К сказкам, поэзии все относятся, как к чему-то несущественному, обслуживающему отдых человека. Но почему же в конце-то концов от всей жизни остаются одни только сказки, включая в это так называемую историю?

Бывает, жизнь до того доводит в своей тяготе, что все на свете станет серьезным, пусть в это время встретится сказка, и она, обыкновенная сказка, которой пользуются все для отдыха, выглянет так же серьезно, как вся жизнь в ее целом. И тот, кто в это время сказку серьезно к сердцу принял и стал ею заниматься, – тот вот и есть подлинный поэт.

Так что поэт тем отличается от всех людей, что сказку он сам создает, в то время как все ее лишь потребляют для отдыха, для развлечения. Потребитель вообще живет не всерьез.

Не о хлебе едином жив человек, ему еще нужны сказки, и так было всегда, от самых первых людей на земле: в шелесте листьев или в столкновении волн с каменными берегами, в мерцании звезд люди сливаются, и в ту минуту, когда сливаются с этим, сами начинают шептать.
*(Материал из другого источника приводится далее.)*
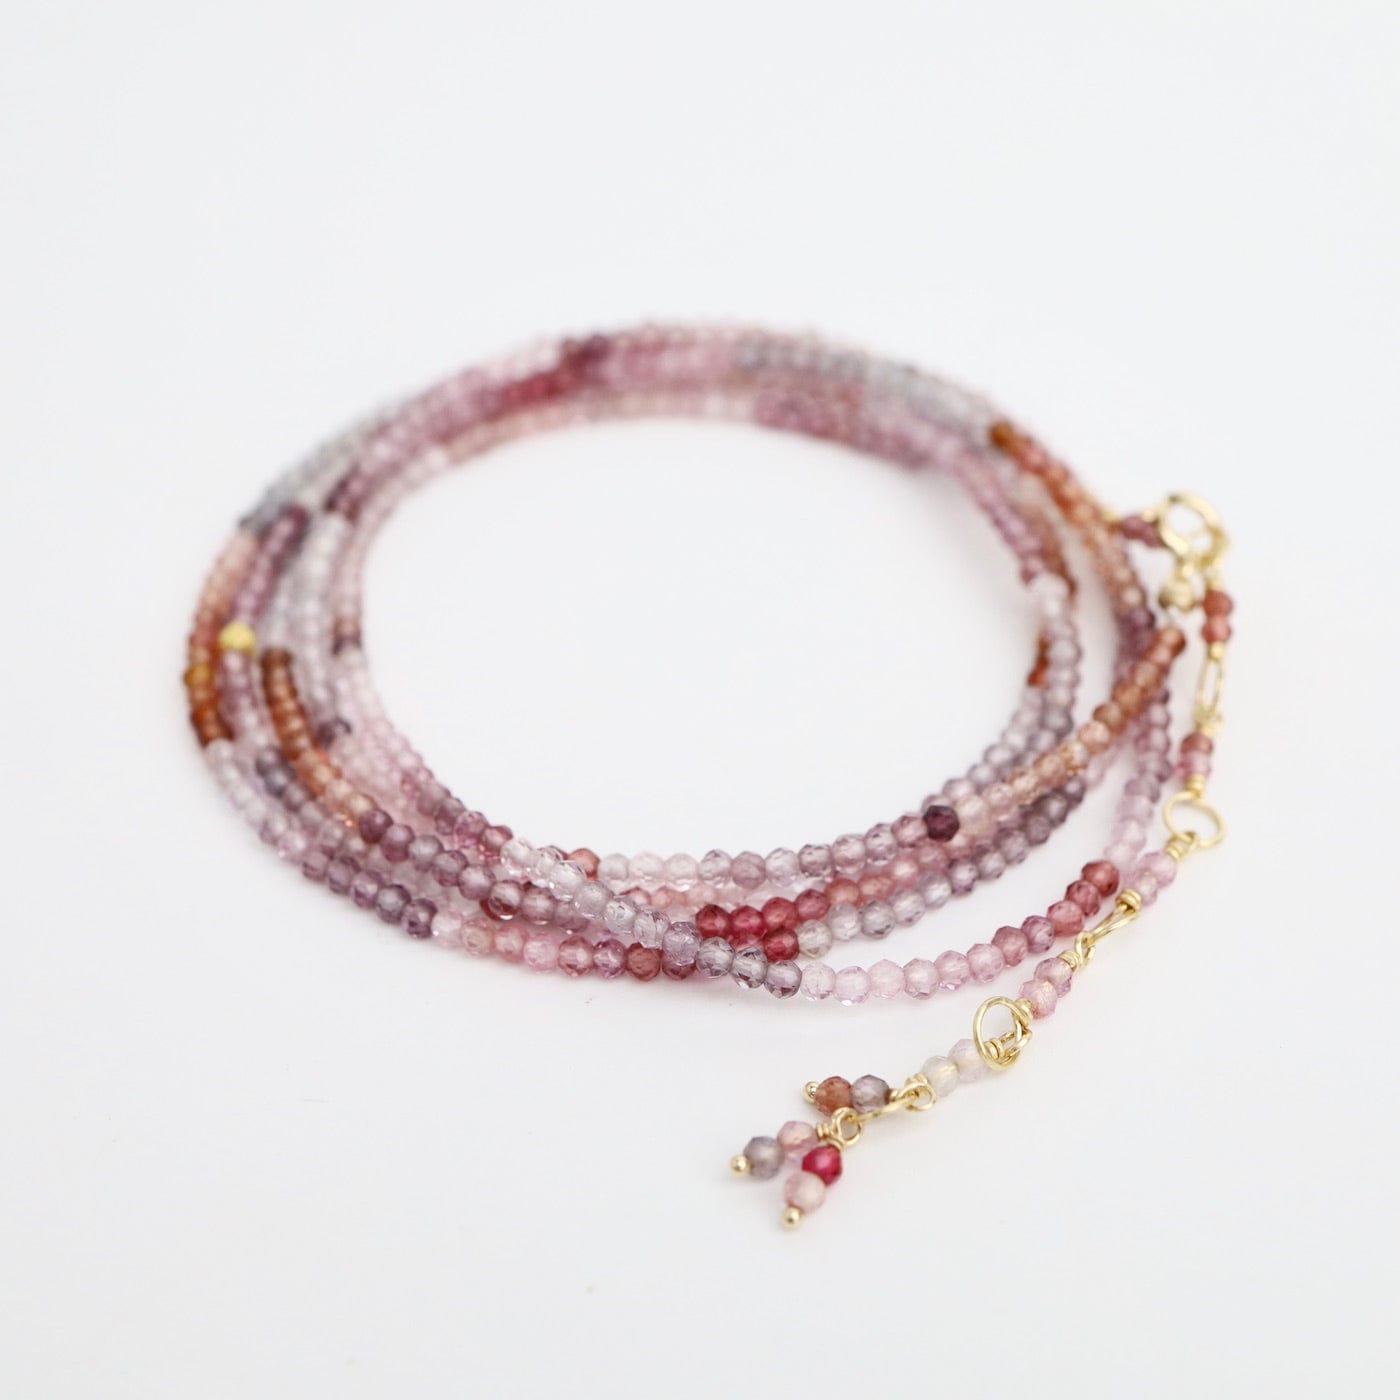 BRC-18K Multicolored Spinel Wrap Bracelet & Necklace with 18k Hex Bead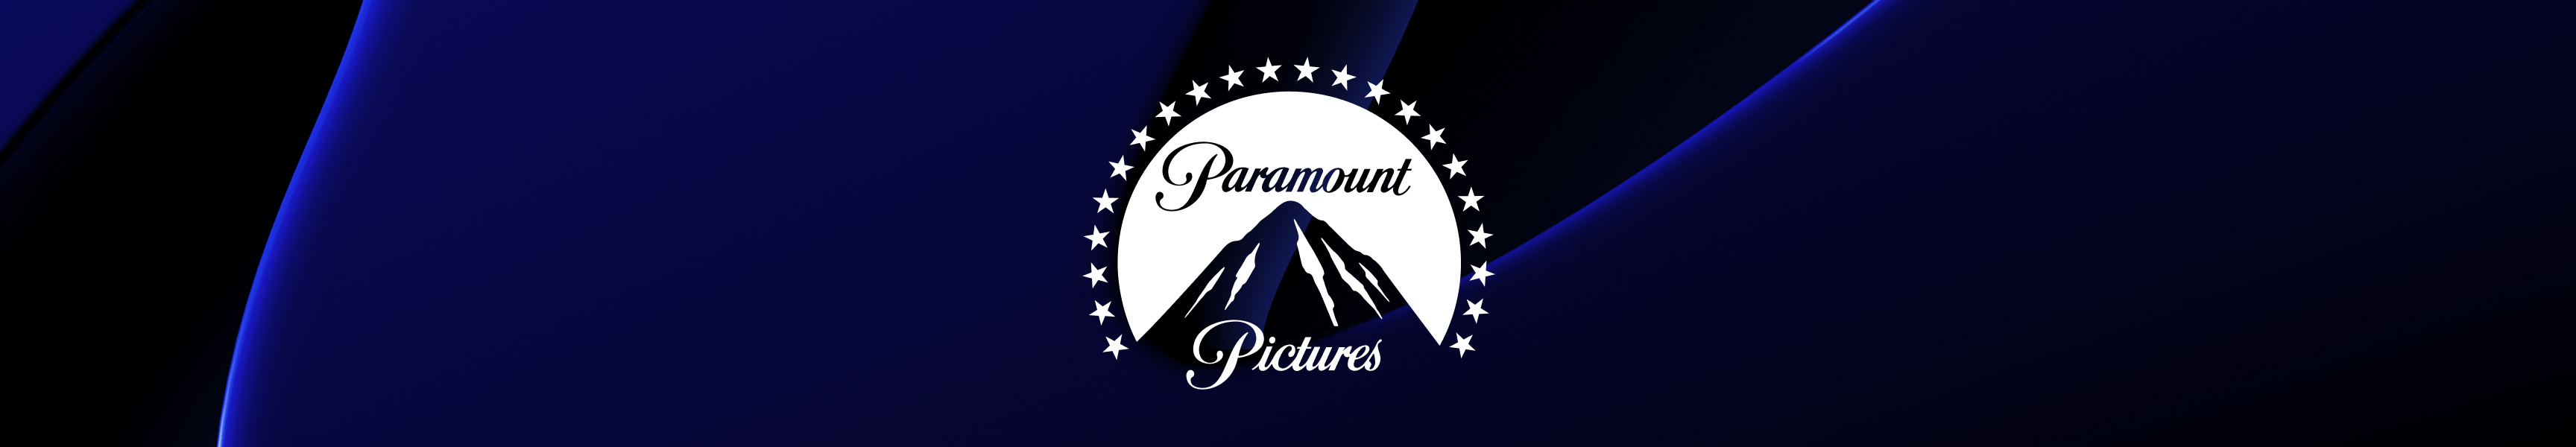 Paramount Pictures Clothing

Стал я на тропу и знаю наверно, что рано или поздно пройдет по ней другой человек. Слушаю сказку и знаю, что другой человек придет и будет слушать ее. Тропинка и сказка в родстве, это сестры, одну в природу отдали, другую в сердце человека.

Внутри сказки, все мы понимаем, таится правда, но если сказку сломаешь, как игрушку дети ломают, то правды не найдешь.

И было, и есть, и будет всегда благополучием некоторая длительность устойчивости человека, идущего по канату; всегда, везде и всюду этот момент устойчивости расцвечивается сказками, и эти сказки по существу и являются реальностью, а никак не то жалкое состояние равновесия.

Так вот полезно людям иногда поглядеть на веревку, по которой придется идти. Этот взгляд себе под ноги, если только не свалишься, вызывает к созданию новой, более увлекательной сказки.

* * *

С давних пор занимает меня постоянно мысль о том удивительном человеческом легкомыслии: как они, видя всюду неизбежность своего конца, живут, не обращая на это ни малейшего внимания, в каком-то нелепом чаянии, что люди смертны, все умрут, а я как-нибудь проскочу… Вот эта-то мысль и приводит меня теперь к реализму легенды, что именно легенда есть связь распадающихся времен (легенда, как сила творчества), именно то самое, «чем люди живы». Толстой называл это «любовь», но нет, это не любовь… а как бы сверхсила жизни, и человек, обладающий ею, «сверхчеловек».

Легенда как связь распадающихся времен – вот единственно реальная в свете сила.

Сказка – это связь приходящих с уходящими.

Сохраненное в себе дитя для детей – вот мировой капитал человечества, сила искусства от простого сказителя и до Шекспира.

Влюбленность – это сказка. А роды – это правда. Ребенок – это правда любви.

Но что ребенок этот – единственный и будущий гений – это сказка матери и самая могучая: сердце матери есть поприще, где сама сказка хочет быть правдой.

Гениальный поэт в существе своем – ребенок, и судить его поведение надо, как гения природы, какой бывает в душе ребенка. Это существо приходит в мир впервые и стучится, стучится…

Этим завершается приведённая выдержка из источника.